Song Zihan, Hwang Gyo-Yeob, Zhang Xin, Huang Shan, Park Byung-Kwon
Dong-A University, Busan, 49315, Republic of Korea.
Sci Rep. 2025 Jan 10;15(1):1608. doi: 10.1038/s41598-025-85715-7.
The exponential growth of scientific articles has presented challenges in information organization and extraction. Automation is urgently needed to streamline literature reviews and enhance insight extraction. We explore the potential of Large Language Models (LLMs) in key-insights extraction from scientific articles, including OpenAI's GPT-4.0, MistralAI's Mixtral 8 × 7B, 01AI's Yi, and InternLM's InternLM2. We have developed an article-level key-insight extraction system based on LLMs, calling it ArticleLLM. After evaluating the LLMs against manual benchmarks, we have enhanced their performance through fine-tuning. We propose a multi-actor LLM approach, merging the strengths of multiple fine-tuned LLMs to improve overall key-insight extraction performance. This work demonstrates not only the feasibility of LLMs in key-insight extraction, but also the effectiveness of cooperation of multiple fine-tuned LLMs, leading to efficient academic literature survey and knowledge discovery.

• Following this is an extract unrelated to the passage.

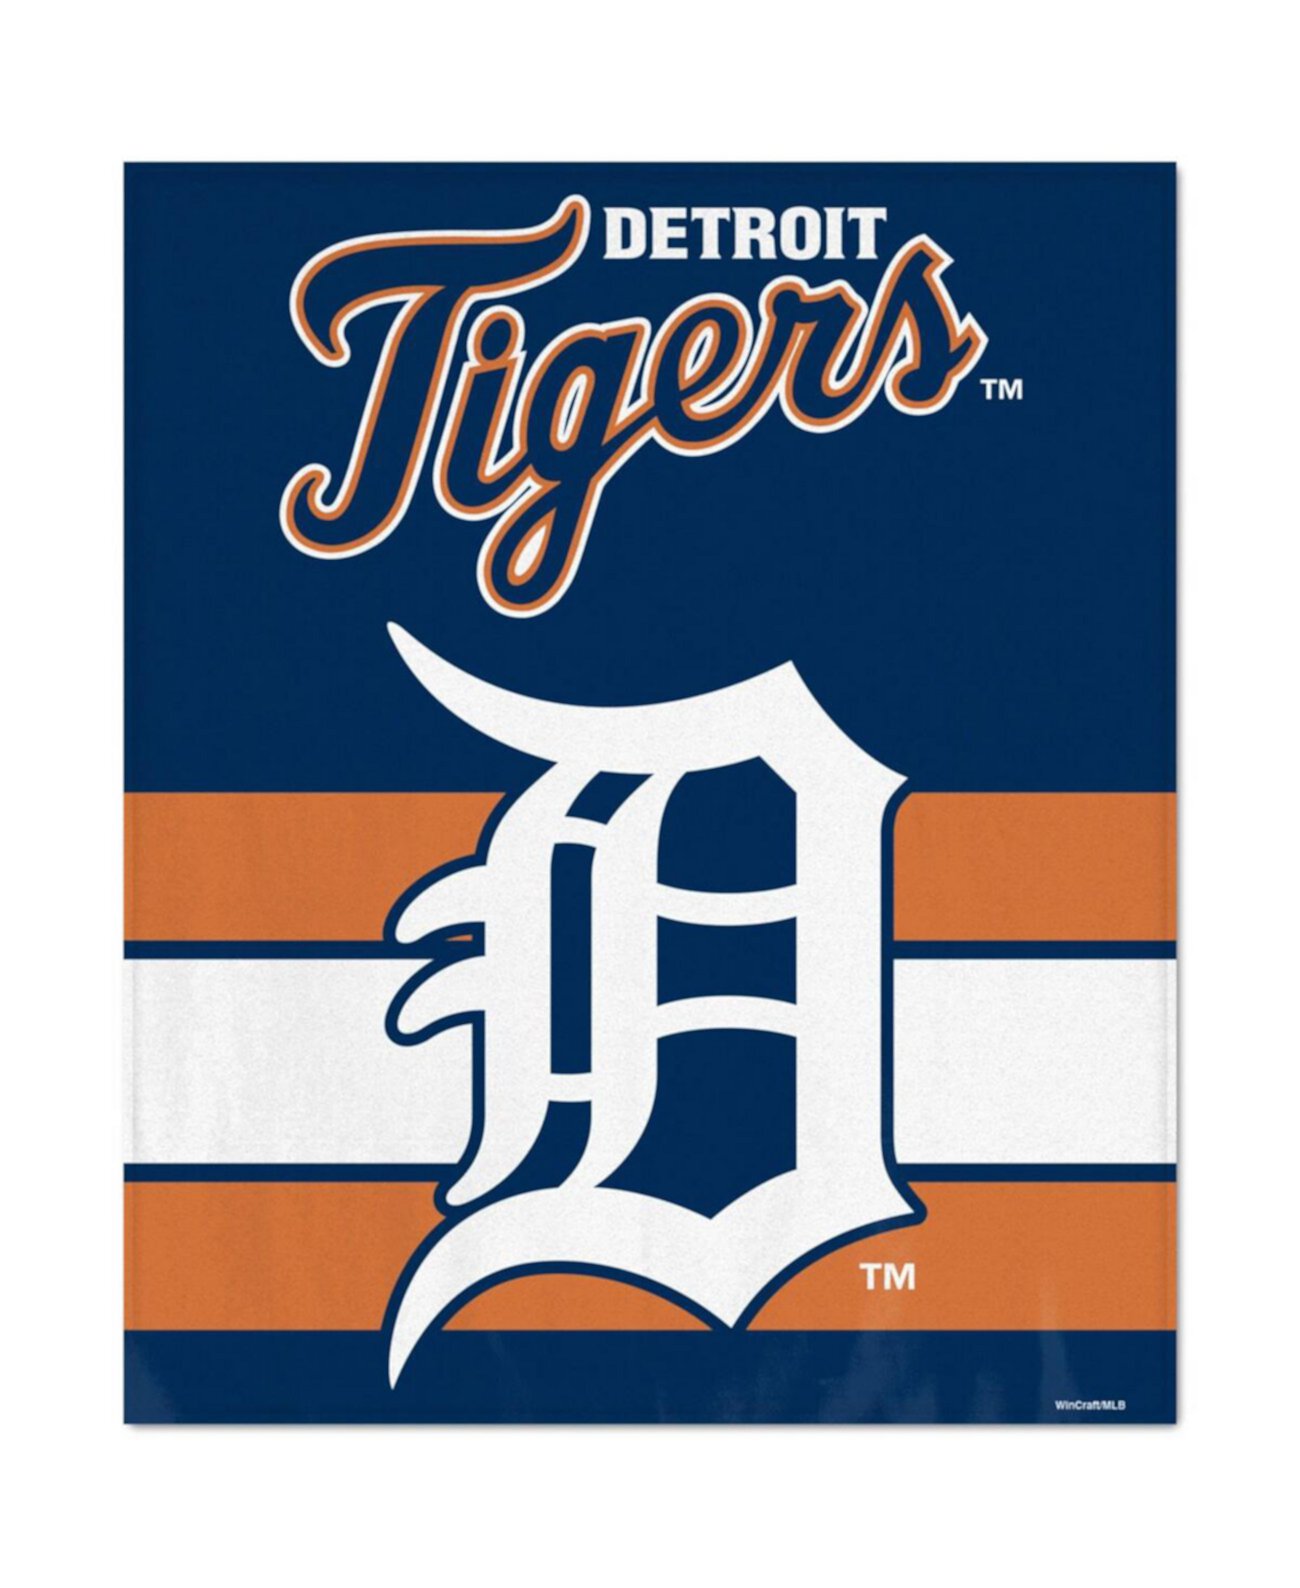 Ультраплюшевое покрывало Detroit Tigers размером 50 x 60 дюймов Wincraft

科学文章的指数级增长给信息组织和提取带来了挑战。迫切需要自动化来简化文献综述并增强见解提取。我们探索了大语言模型(LLMs)在从科学文章中提取关键见解方面的潜力,包括OpenAI的GPT - 4.0、MistralAI的Mixtral 8×7B、01AI的Yi和澜舟科技的InternLM2。我们基于大语言模型开发了一个文章级关键见解提取系统,将其命名为ArticleLLM。在根据人工基准评估大语言模型后,我们通过微调提高了它们的性能。我们提出了一种多模型大语言模型方法,融合多个微调大语言模型的优势以提高整体关键见解提取性能。这项工作不仅证明了大语言模型在关键见解提取方面的可行性,还证明了多个微调大语言模型合作的有效性,从而实现高效的学术文献调研和知识发现。